Dr. Xiao considered his words in silence, a kindly expression on her face. But then, as if abruptly aware she had a backlog of patients in the waiting room, she said, “Thank you so much for sharing your feelings with me, Matthew.” She wrote something out on a slip of paper and handed it to him. “Here’s a script for alprazolam. This may help you until you find your feet, but I’m not giving you a refill. Antidepressants tend to mask pain rather than heal it.”
“That’s it?” Stone said.
“Dr. Zeilich will be with you in just a few minutes. He is an excellent therapist. He can help you.”
“Don’t go,” Stone said.
“I’m sorry, I have other patients to attend to.”
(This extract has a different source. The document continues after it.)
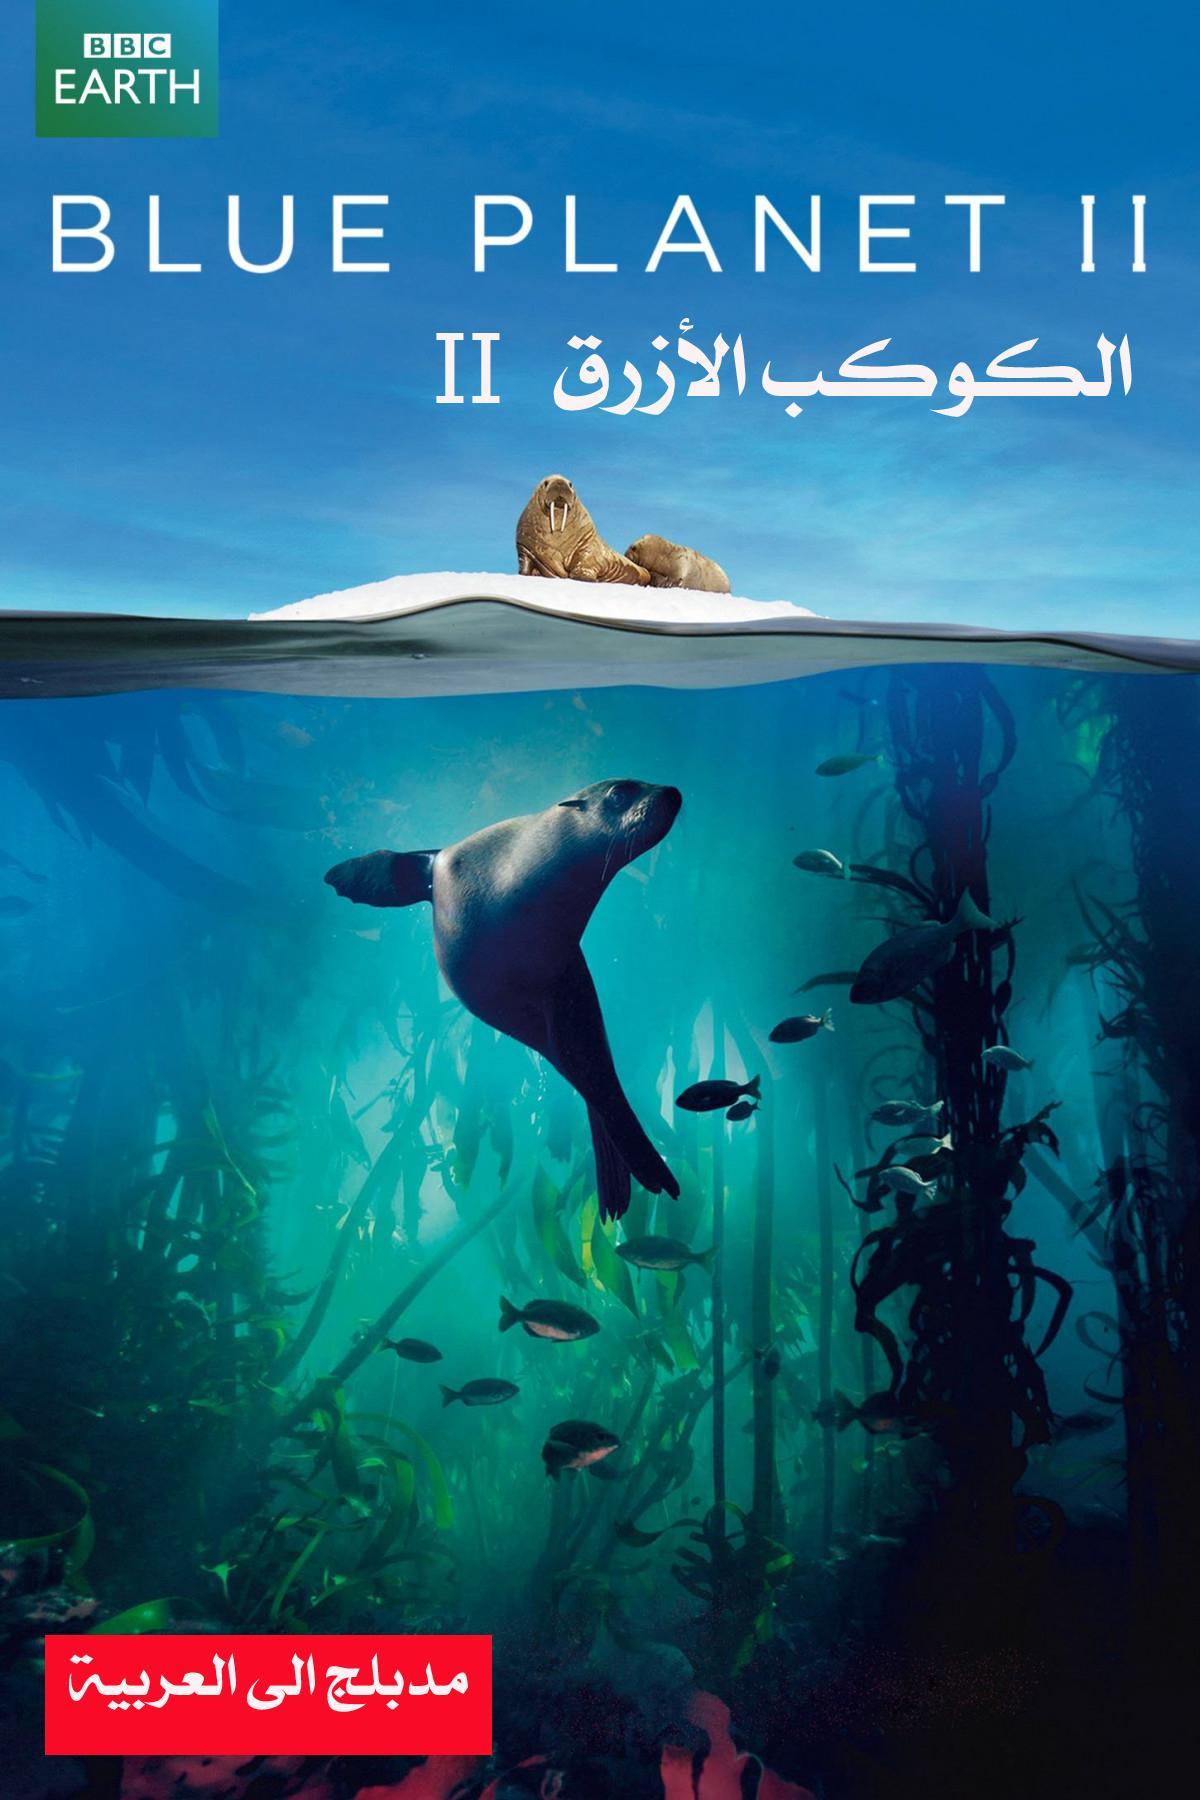 الكوكب الأزرق - الموسم الثاني  BBC Blue Planet II - ح1 - محيط واحد - تحميل تورنت 1 arabp2p.com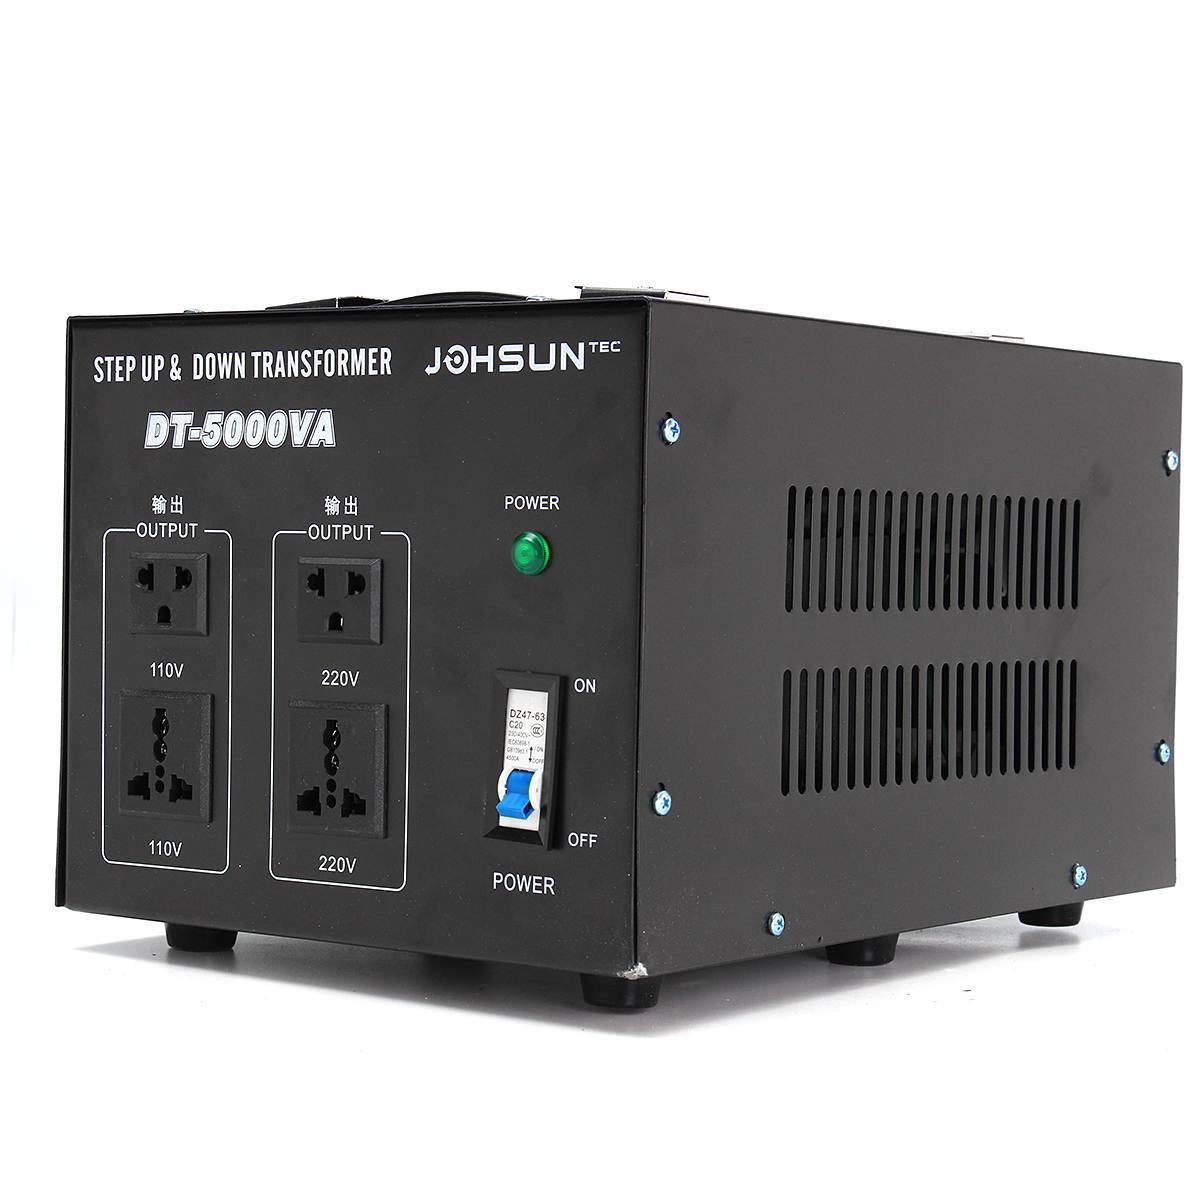 محول جهد كهربائي ، منظم جهد عالي ، 110 فولت إلى 220 فولت ، 500/1000/2000/3000 واط ، 5000 فولت ، محول 220 فولت ، auf 110 فولت

“Please,” Stone said, “just stay with me a bit longer.”
Dr. Xiao’s sympathetic expression reformed into a professional mask. “Please tell Dr. Zeilich about your grief, your feelings of inadequacy. He’s properly trained to help you. It sounds like you’ve got a lot of work to do, but try to remember that you have the power to heal yourself.”
For a moment, Stone thought she had said “you have the power to kill yourself,” but it was simply an acoustic blip that made the two words sound similar.
“The nurse will be along in just a moment to take your blood,” Dr. Xiao said.